> [Task goal]: Write the lines below out exactly, dropping each picture.

> [Supplied information]:

- - - - -

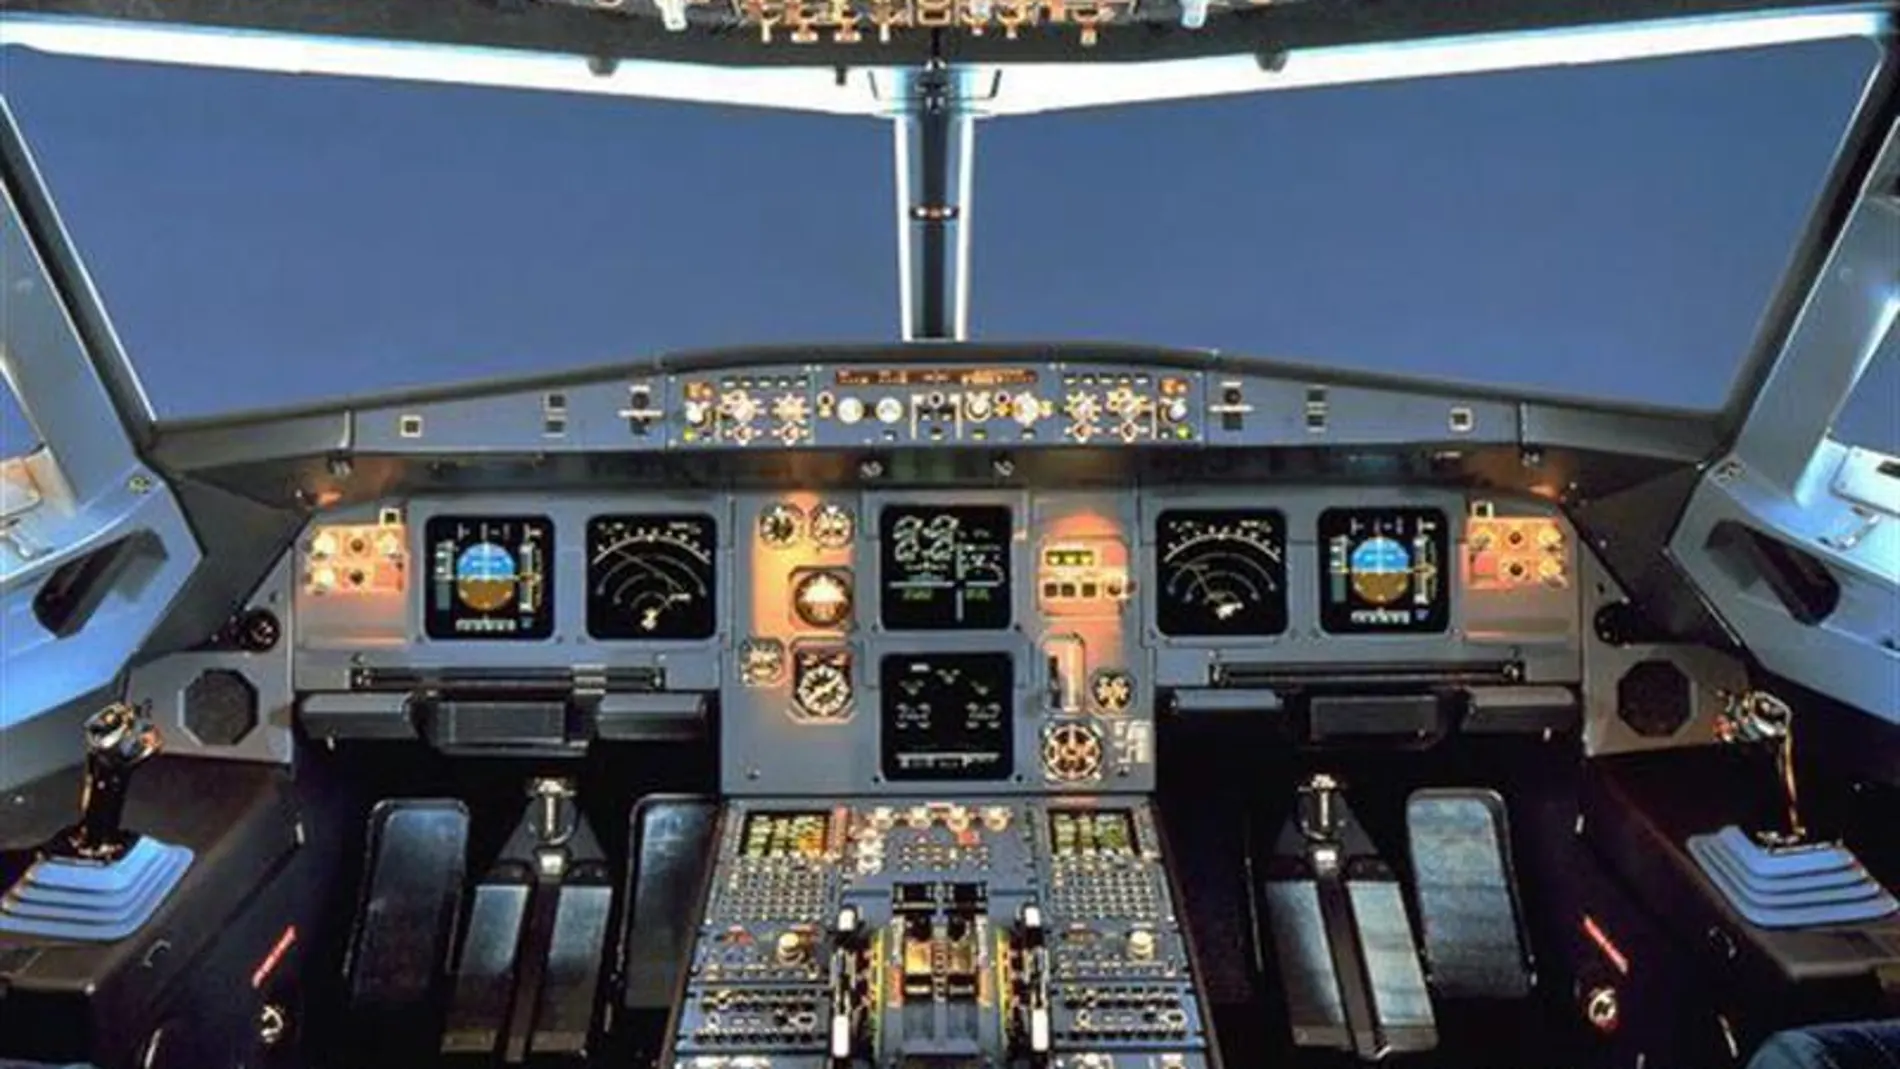  Fotografía que muestra la cabina de un Airbus
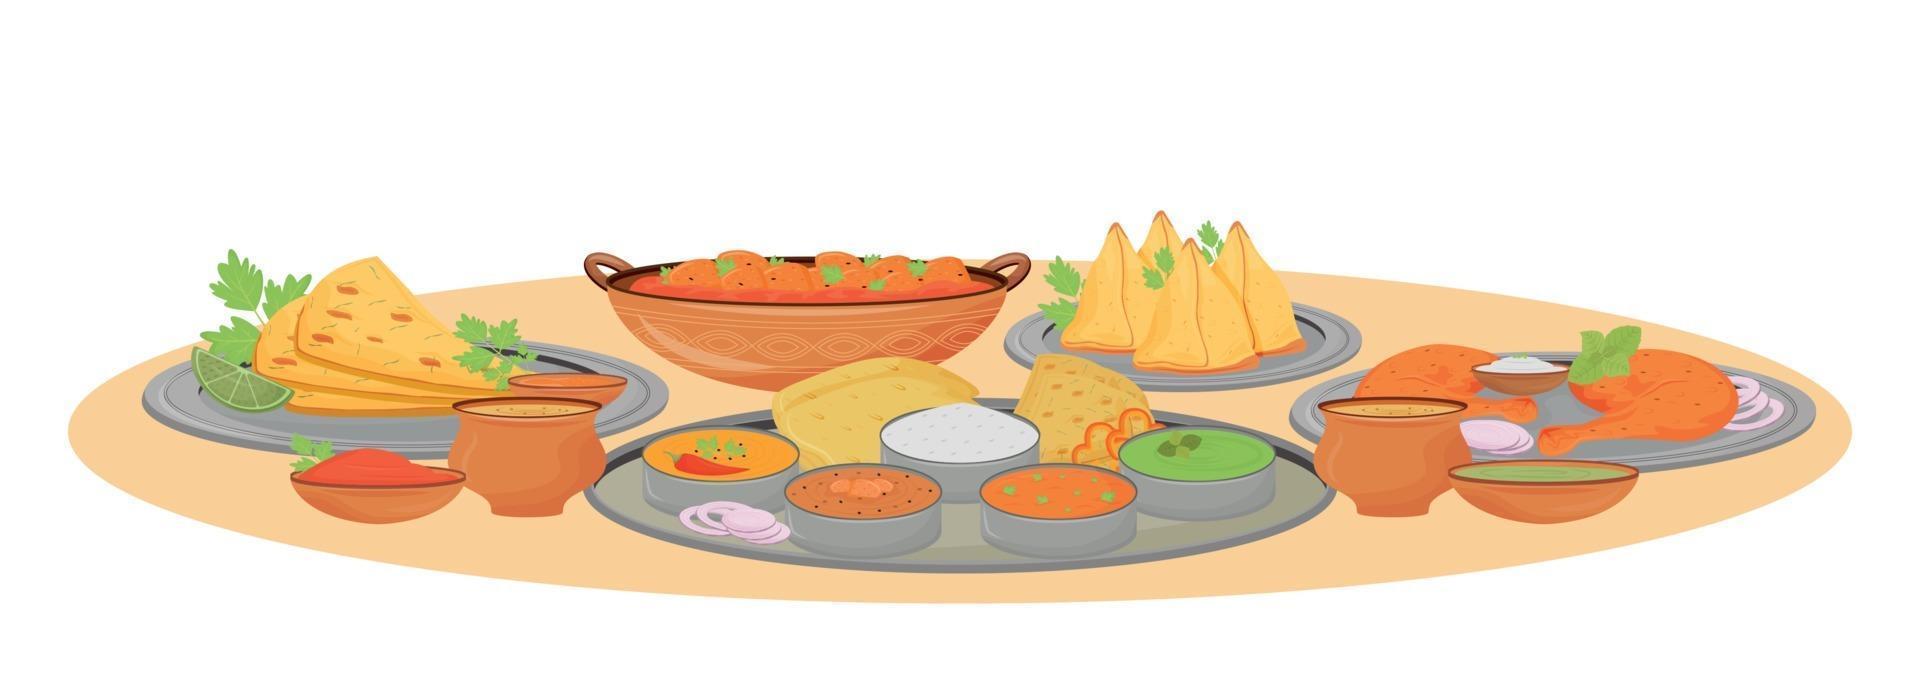 platos indios que sirven ilustración vectorial de dibujos animados. comidas de cocina tradicional y salsas picantes en objeto de color plano thali. Comida de restaurante indio, superficie de la mesa servida aislado sobre fondo blanco. vector
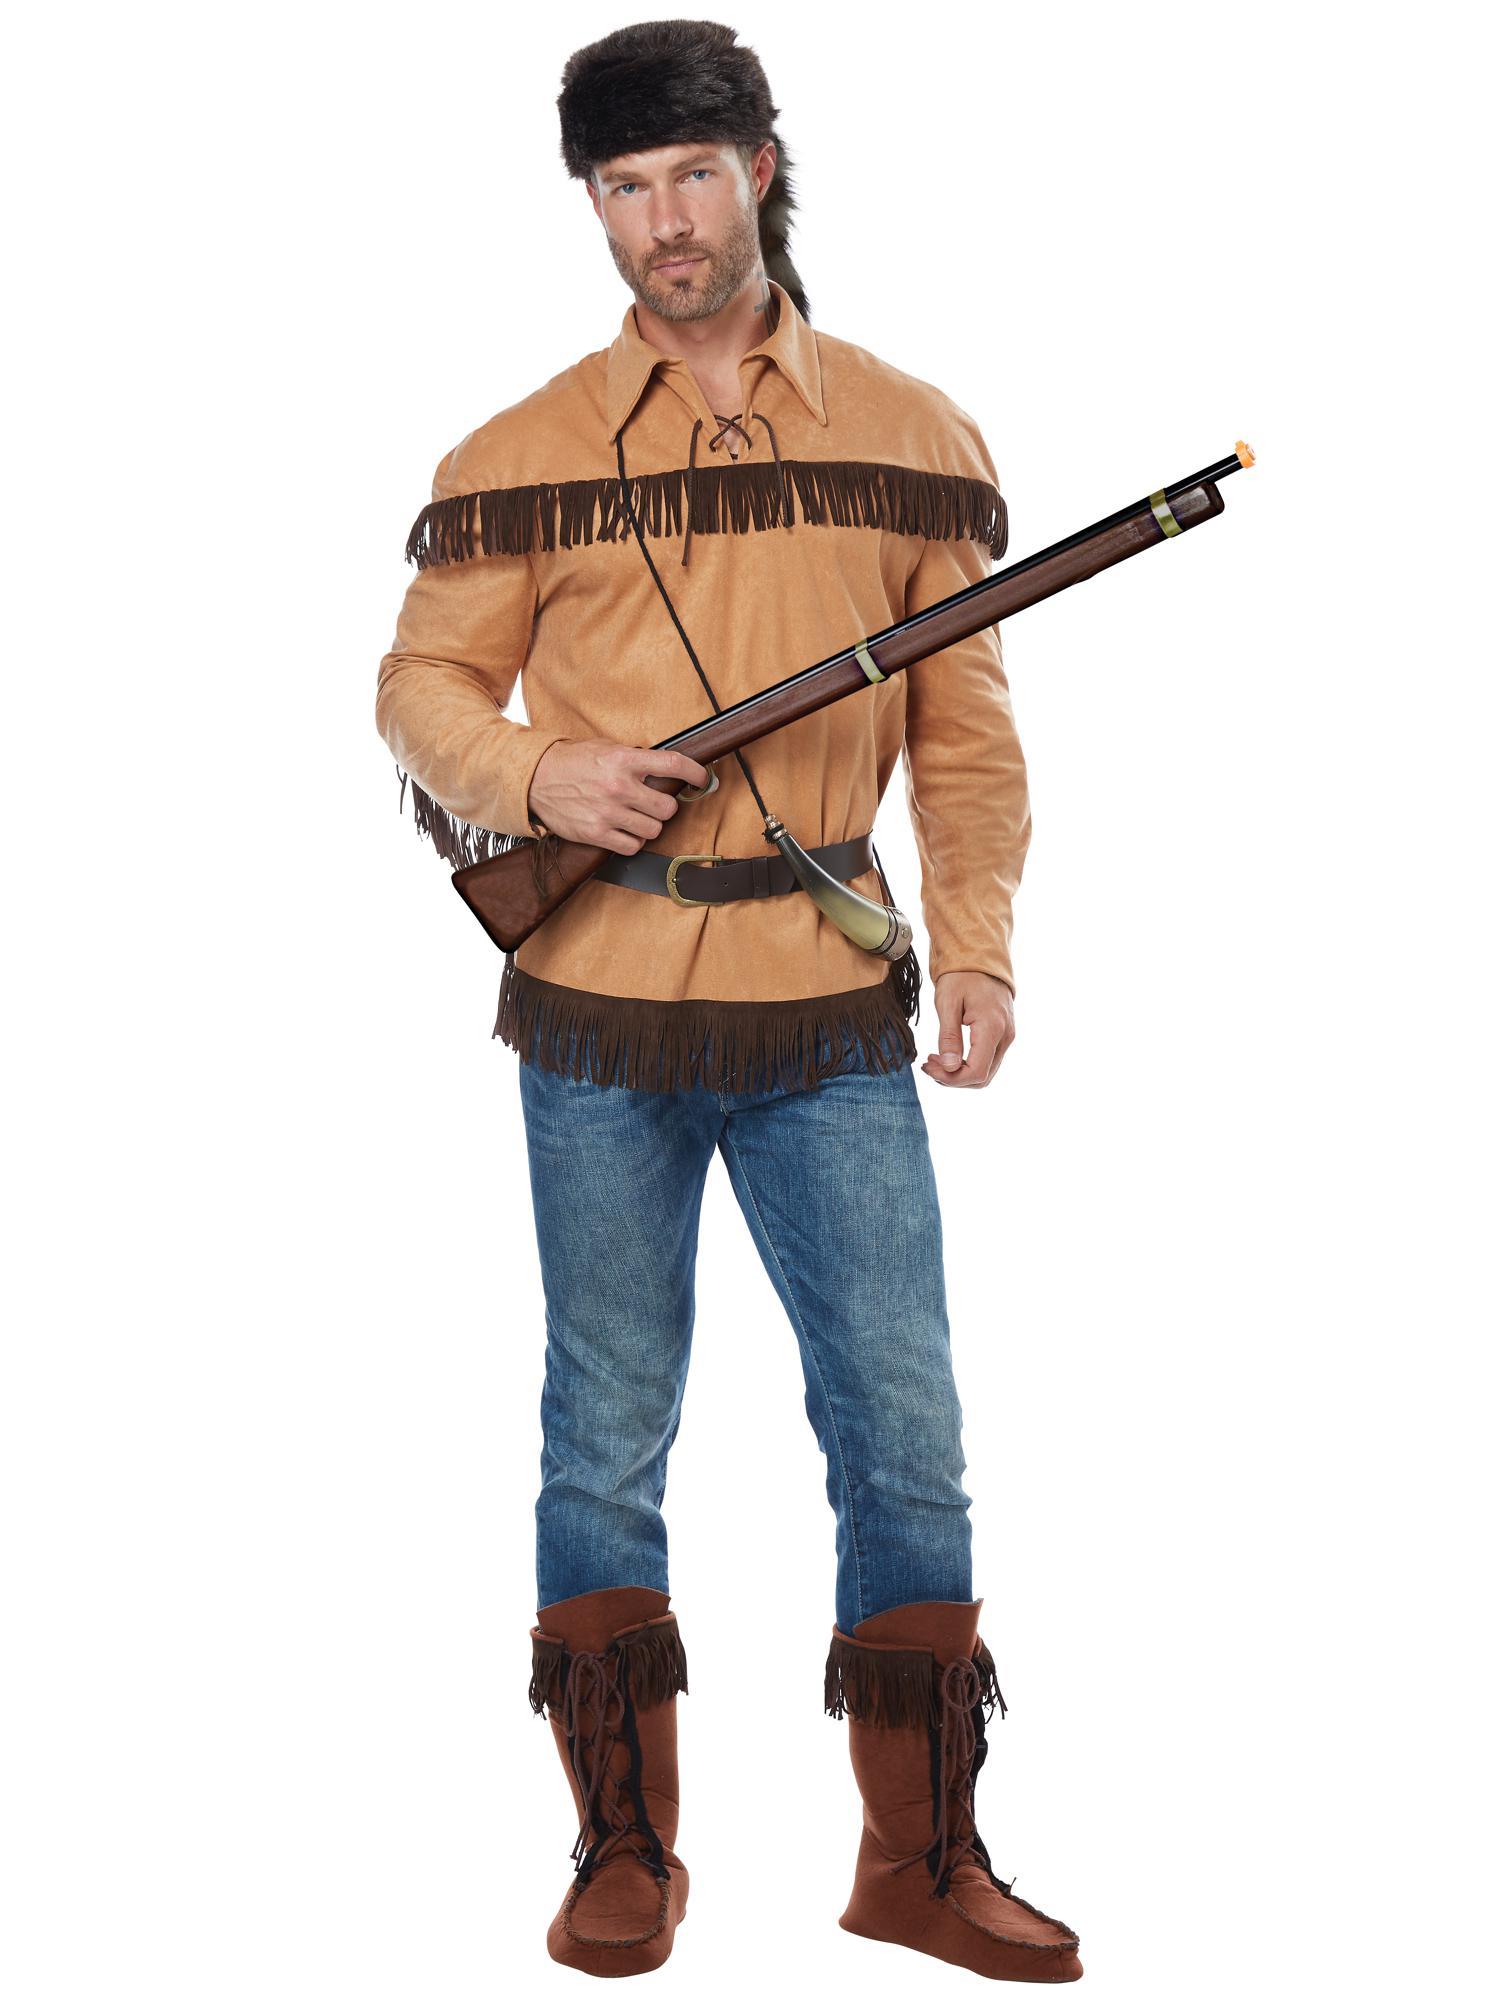 Frontier Man Davy Crockett Pioneers American Political Patriotic Mens Costume

- - - - -

> [Result of this exercise]:
  Fotografía que muestra la cabina de un Airbus
 platos indios que sirven ilustración vectorial de dibujos animados. comidas de cocina tradicional y salsas picantes en objeto de color plano thali. Comida de restaurante indio, superficie de la mesa servida aislado sobre fondo blanco. vector
 Frontier Man Davy Crockett Pioneers American Political Patriotic Mens Costume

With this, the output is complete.